### [Task directions]
Look through the records and copy each line with the string "Images" in it.

### [Data to examine]
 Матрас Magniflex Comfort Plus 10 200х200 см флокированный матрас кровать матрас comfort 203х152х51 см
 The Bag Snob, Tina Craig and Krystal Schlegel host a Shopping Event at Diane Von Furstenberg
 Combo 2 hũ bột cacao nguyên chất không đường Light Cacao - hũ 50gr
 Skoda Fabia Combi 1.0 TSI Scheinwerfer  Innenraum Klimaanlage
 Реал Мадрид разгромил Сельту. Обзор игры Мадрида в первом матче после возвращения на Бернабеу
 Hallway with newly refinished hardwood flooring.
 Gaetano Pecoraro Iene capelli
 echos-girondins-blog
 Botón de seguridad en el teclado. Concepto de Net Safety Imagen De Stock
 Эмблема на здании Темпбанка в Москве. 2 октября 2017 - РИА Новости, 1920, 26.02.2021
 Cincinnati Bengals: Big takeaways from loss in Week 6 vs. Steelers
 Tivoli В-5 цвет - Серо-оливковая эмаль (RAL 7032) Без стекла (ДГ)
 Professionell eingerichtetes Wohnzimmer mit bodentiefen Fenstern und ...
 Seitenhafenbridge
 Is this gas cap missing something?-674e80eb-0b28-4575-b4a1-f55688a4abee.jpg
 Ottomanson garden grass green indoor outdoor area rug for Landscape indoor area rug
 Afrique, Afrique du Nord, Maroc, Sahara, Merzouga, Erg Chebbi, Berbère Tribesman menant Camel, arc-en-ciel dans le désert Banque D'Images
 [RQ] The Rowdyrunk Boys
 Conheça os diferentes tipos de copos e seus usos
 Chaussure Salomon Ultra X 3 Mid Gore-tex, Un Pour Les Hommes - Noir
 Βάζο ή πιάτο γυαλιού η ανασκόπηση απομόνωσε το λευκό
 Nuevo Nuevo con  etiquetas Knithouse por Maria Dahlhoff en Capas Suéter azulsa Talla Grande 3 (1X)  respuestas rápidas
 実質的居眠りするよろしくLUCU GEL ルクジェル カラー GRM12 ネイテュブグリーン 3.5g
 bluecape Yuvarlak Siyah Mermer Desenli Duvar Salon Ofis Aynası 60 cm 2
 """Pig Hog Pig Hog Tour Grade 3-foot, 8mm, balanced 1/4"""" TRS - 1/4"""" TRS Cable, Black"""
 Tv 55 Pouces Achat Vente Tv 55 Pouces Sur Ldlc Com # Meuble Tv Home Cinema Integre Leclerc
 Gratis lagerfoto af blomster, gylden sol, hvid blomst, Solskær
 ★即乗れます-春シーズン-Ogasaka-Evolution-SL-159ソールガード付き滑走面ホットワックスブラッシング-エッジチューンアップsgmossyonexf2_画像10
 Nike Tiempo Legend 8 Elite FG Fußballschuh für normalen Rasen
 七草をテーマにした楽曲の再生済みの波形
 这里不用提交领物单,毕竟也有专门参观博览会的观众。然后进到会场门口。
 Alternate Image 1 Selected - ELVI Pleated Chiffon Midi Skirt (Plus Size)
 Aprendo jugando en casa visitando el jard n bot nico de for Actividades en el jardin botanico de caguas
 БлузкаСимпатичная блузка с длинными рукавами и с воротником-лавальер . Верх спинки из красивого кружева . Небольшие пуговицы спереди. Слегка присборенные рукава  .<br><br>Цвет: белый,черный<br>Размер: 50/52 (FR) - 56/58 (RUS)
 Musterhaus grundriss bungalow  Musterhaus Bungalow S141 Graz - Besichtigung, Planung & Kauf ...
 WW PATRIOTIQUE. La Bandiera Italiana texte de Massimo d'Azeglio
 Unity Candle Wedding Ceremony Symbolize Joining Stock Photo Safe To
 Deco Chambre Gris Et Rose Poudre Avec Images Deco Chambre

### [Reply]
 Afrique, Afrique du Nord, Maroc, Sahara, Merzouga, Erg Chebbi, Berbère Tribesman menant Camel, arc-en-ciel dans le désert Banque D'Images
 Deco Chambre Gris Et Rose Poudre Avec Images Deco Chambre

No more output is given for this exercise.